Retain Deletion Management
Level 1
The Deletion Manager provides for the removal of items from the archive according to the specified criteria. The Deletion Manager runs as a scheduled job in the archive, looking for, and processing or deleting items that match the search terms. Customers often mistakenly feel that a Deletion job is part of the archive jobs. This is not so. Deletion jobs occur immediately following scheduled maintenance jobs and are not linked to archive jobs whatsoever (see the “Schedule” section of this document). Mail removed from the archive is permanently deleted. Use this option with care.
The Deletion Manager will not show up in your system menu if you have not granted the logged-in user the Deletion Management right, or have the litigation hold right. See User Rights. The Litigation Hold right allows users to go to the deletion management section and add or remove the Litigation Hold right for other users. They cannot modify other settings. Users with the deletion management right can view the litigation hold tab, but they cannot grant rights; it is read only.
Core Settings
Here you enable and disable deletion jobs, and detail which actions they will take. When setting up a deletion job, you have the option to tell the job to delete and report on the messages deleted, or to simply generate a report on the mail that will be removed from the database. The report function can be very handy. Rather than deleting any items, it will simply report on the items that would qualify for deletion should you run an actual deletion job.
Basic Options
This tab provides the criteria that the deletion job will use to identify messages to be deleted. This should look nearly identical to the profile of an archive job. The functions are the same. The item type, source, and status determine which messages are flagged for deletion. If none of the boxes are checked, then all items meeting the date criteria are subject to deletion.
Data Scope
There are many dates that are contained in a mail system, and the deletion manager allows you to select different date ranges to identify the scope of the deletion manager. The setup is simple; the date range between the “Begin” and “End” dates will be targeted by the delete job.
The dates can be identified by the date filter. The Date filter allows you to specify the mail system or Retain message dates.

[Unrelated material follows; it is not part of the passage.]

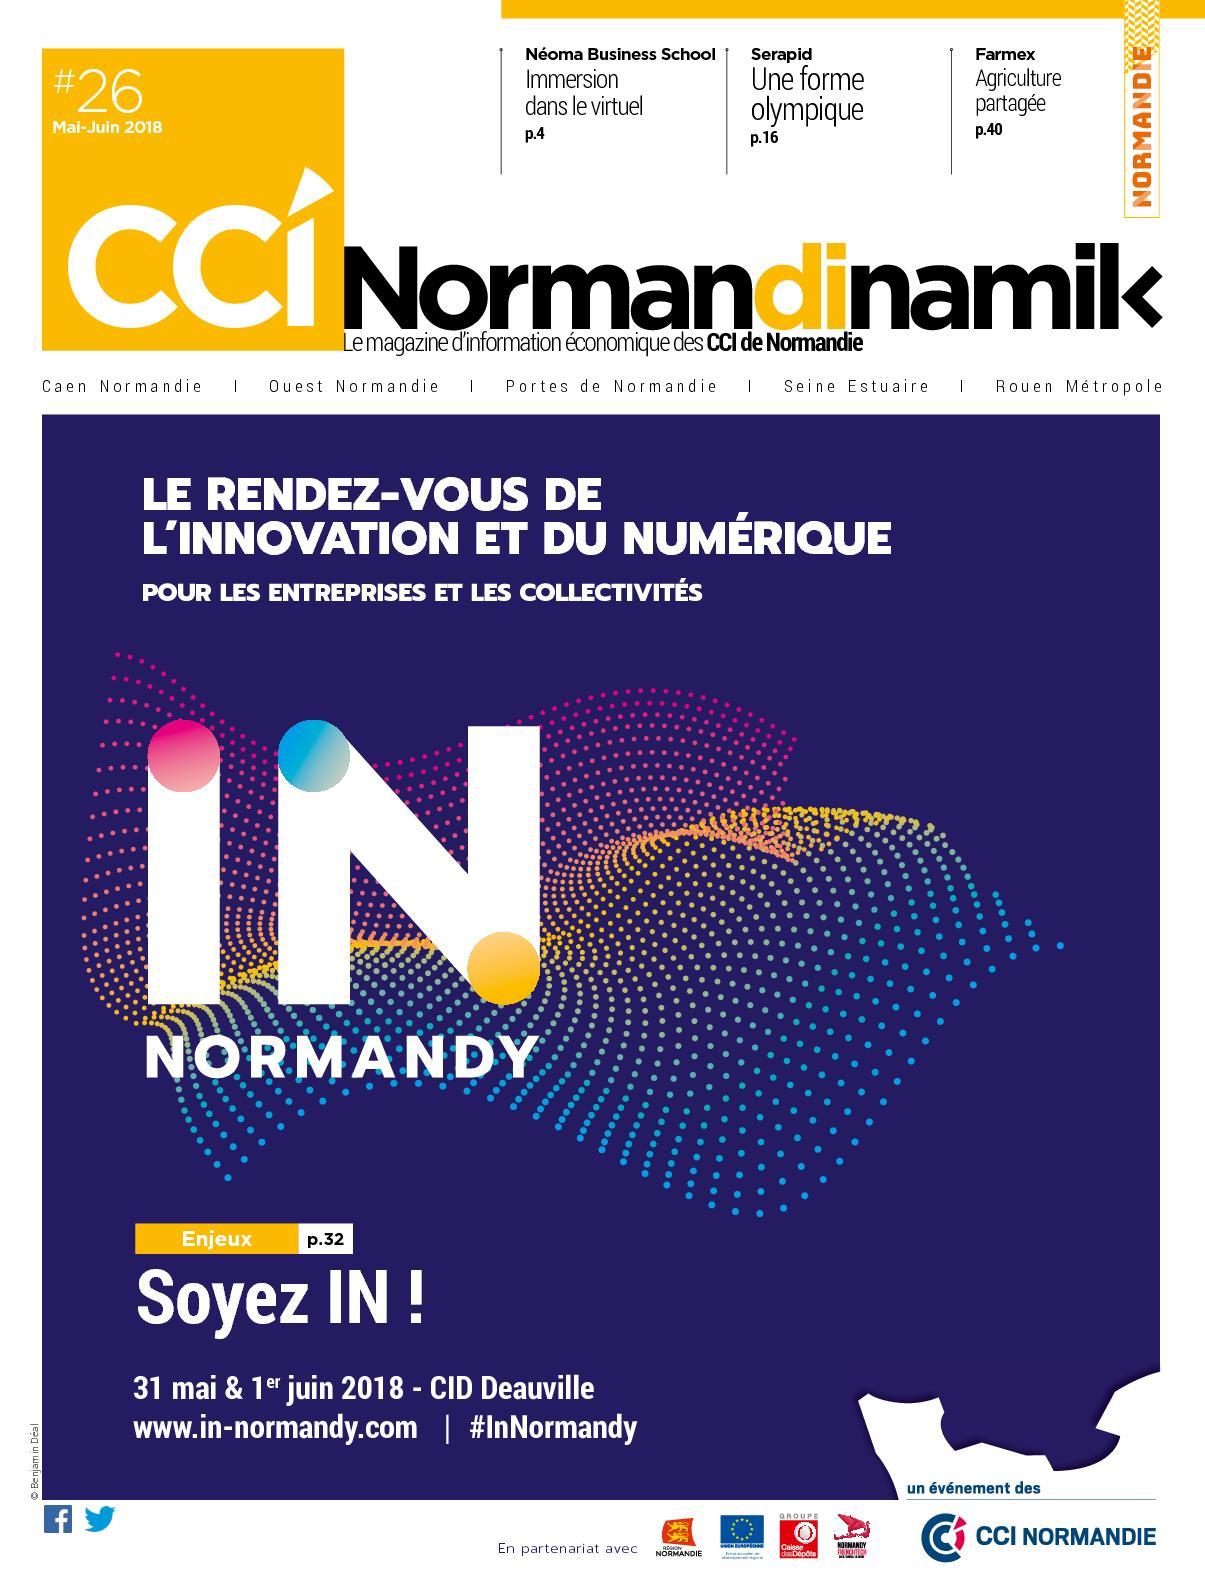 c7e7c8e41a71 Calaméo - Normandinamik  26 Mai-Juin 2018

The creation and delivered date are mail system dates. The date archived and expiration dates are set in Retain. The expiration date is tied to the job, and is set under the job section.
The Job Expiration option allows you to set an ‘expiration date’ after which the mail no longer needs to be in the archive (States have different laws and requirements but is usually between 5 and 10 years.) The expiration date is set under the worker's Core Settings tab. The Deletion Management interface can utilize this expiration date to identify messages that are due for removal.
Job Members
A deletion job will only be active for selected users or a selected mail server. The Job Members tab allows you to include an entire mail server or group of users, while excluding specific users.
Use this in conjunction with the Generate Report option under Core Settings to pinpoint the mail that will be included in the deletion job.
Notification
The reports, errors, and summaries of delete jobs can be sent to the listed address in the notification tab. Select the options as desired. If no notifications are selected, the report can be accessed from ..\[retain storage directory]\archive. The filename will be Deletion.....html (e.g., Deletion7895881300442619770UTCMSSHMZYBWMRBJJYZAVED.html)
Schedule
The last tab is the schedule tab. This allows you to automate and run a deletion job automatically on mail that has passed its required archive duration. The options are to run this weekly or on a specific day of the month. The Deletion job will run immediately following the scheduled maintenance. Scheduled Maintenance is found under Configuration | Server Configuration | Maintenance. Manually starting a job is not currently supported; however, a workaround to this would be to set the daily maintenance time to a desired time of day (like within minutes of setting up the deletion job). It should be noted, though, that once maintenance begins, no one can log in to the Retain server.
Litigation Hold
The Litigation Hold tab provides the ability to exclude any specified user’s data from any deletion job, preventing any of their data from being deleted when the job runs.
Any official auditors, legal representatives, system administrators, or users may be added to this list. These accounts will be able to set and lift any legislative hold in the system, and therefore this is not a generally granted right and should be restricted to only specified users. Because of the power of this right it is granted separately from the usual rights for users.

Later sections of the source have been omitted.